The legal uncertainty could make investors "careful" about investing in companies whose patents are DNA-related until the Myriad case is resolved, Worrall said. And biotech companies aren't likely to scramble to patent more genes, he said.
"Companies will continue to enforce their patents to DNA but may choose to watch the appeal carefully because the outcome of this case will determine the best course of action to enforce patent rights," he said. "A decision that reverses the court's conclusion that DNA is patentable would have a negative impact on the biotech industry."
The next court to hear the Myriad case, either the full appeals court or the Supreme Court, needs to provide clarity, said Hank Greely, director of the Center for Law and the Biosciences at Stanford University.
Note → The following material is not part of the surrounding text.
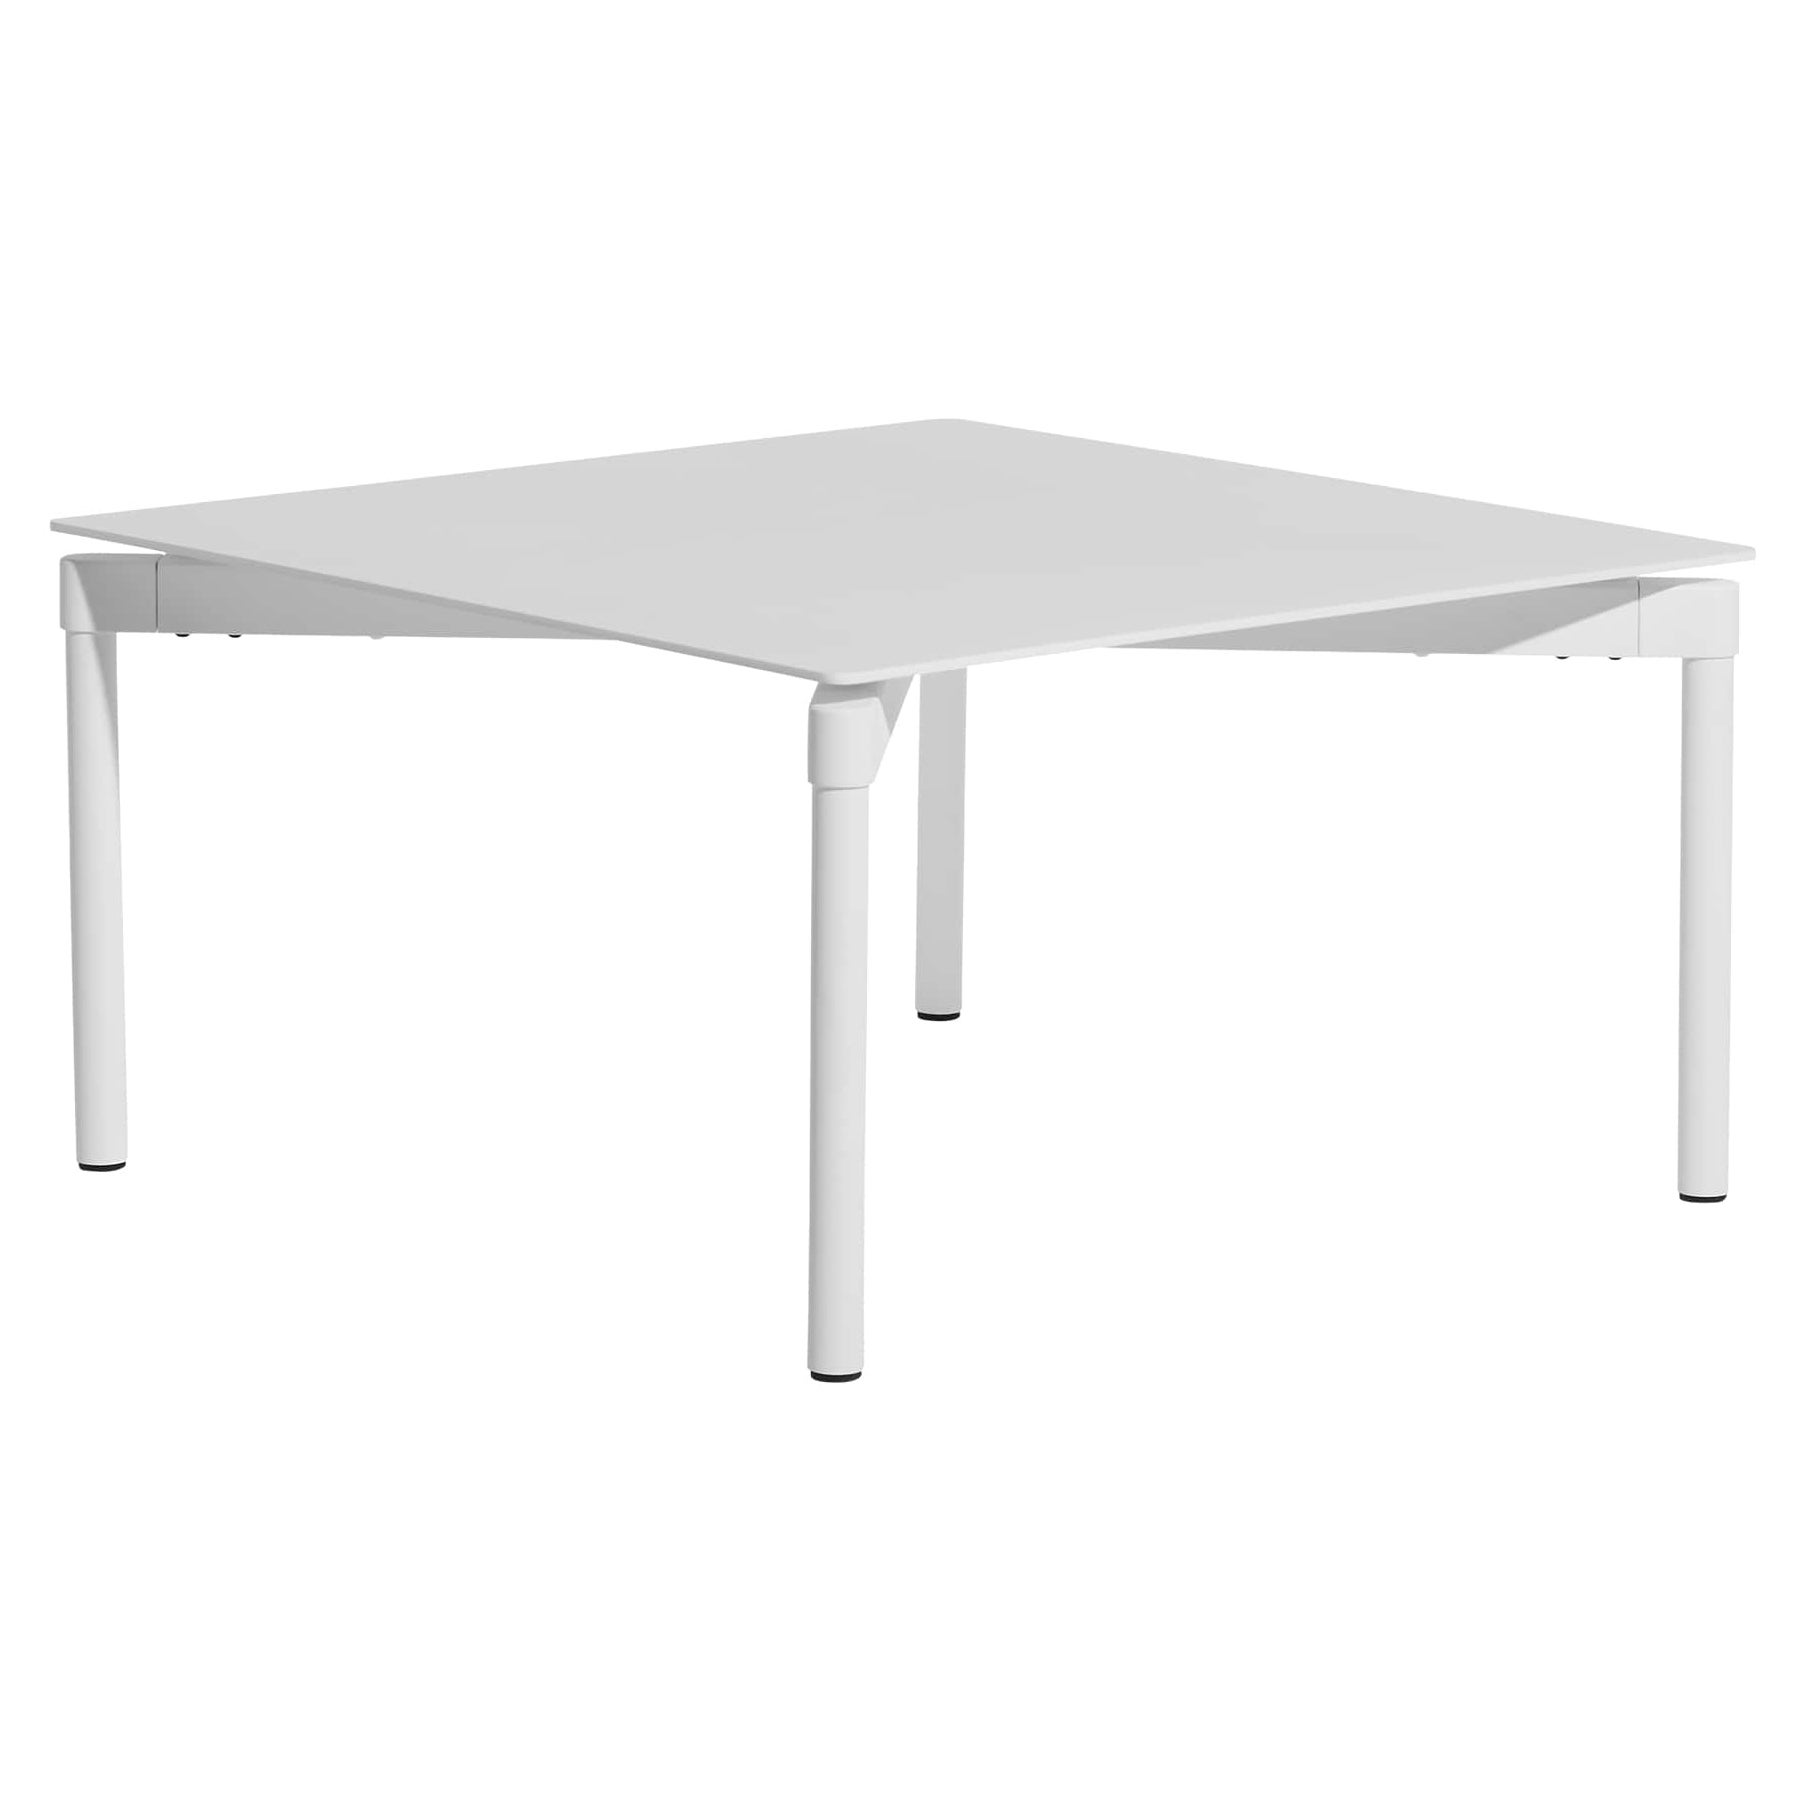 Petite Friture Fromme Coffee Table in White Aluminium by Tom Chung, 2020 For Sale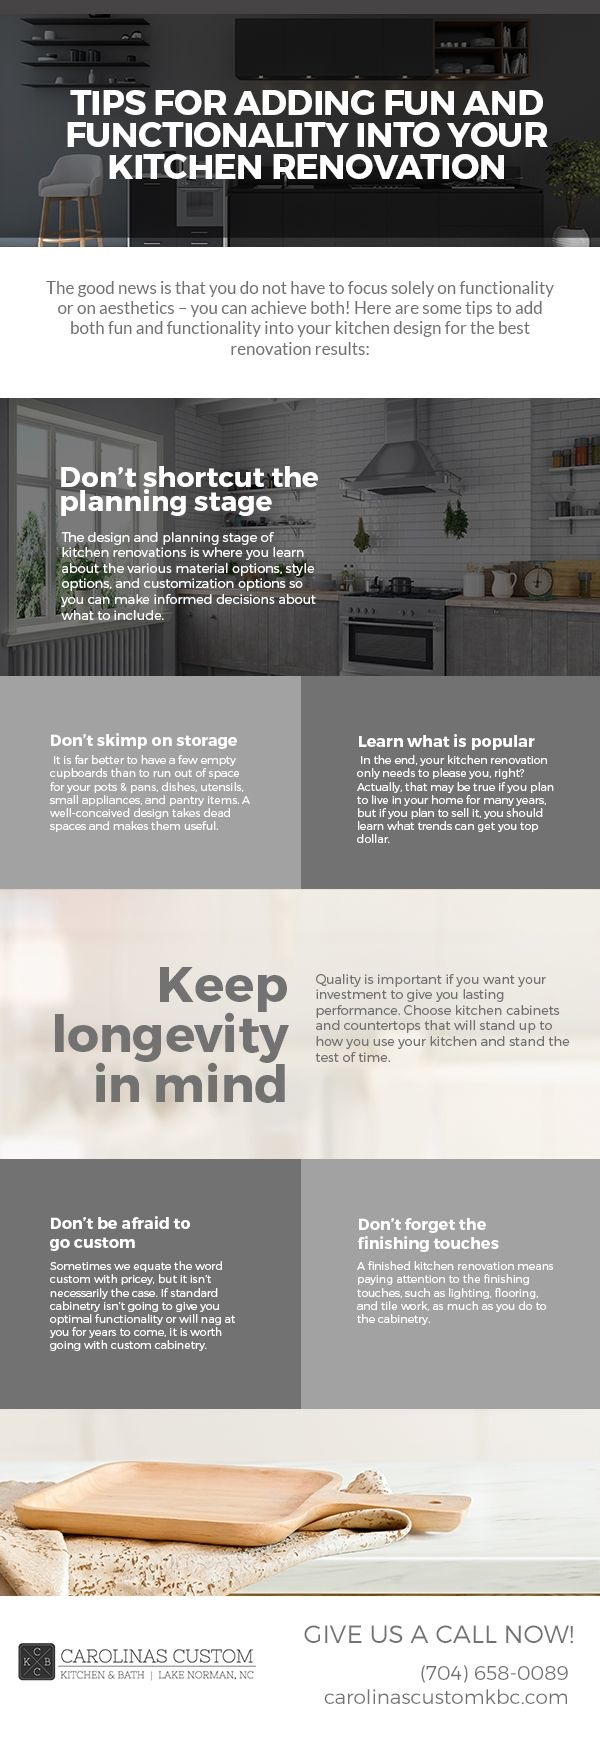 Tips for Adding Fun and Functionality into Your Kitchen Renovation [infographic]

In its ruling, the appeals panel said Myriad could patent gene sequences but not its methods of analyzing them. So Greely said the company may not have the right to stop others from developing a different method of comparing patients' mutated and normal genes to determine disease risk. Myriad doesn't dispute this, as long as the test doesn't infringe on Myriad's intellectual property, company officials said.
In the end, the calendar may usher in the biggest changes. Greely noted that Myriad's patents will begin expiring in 2015 and that most other gene patents, established years ago, expire in less than a decade.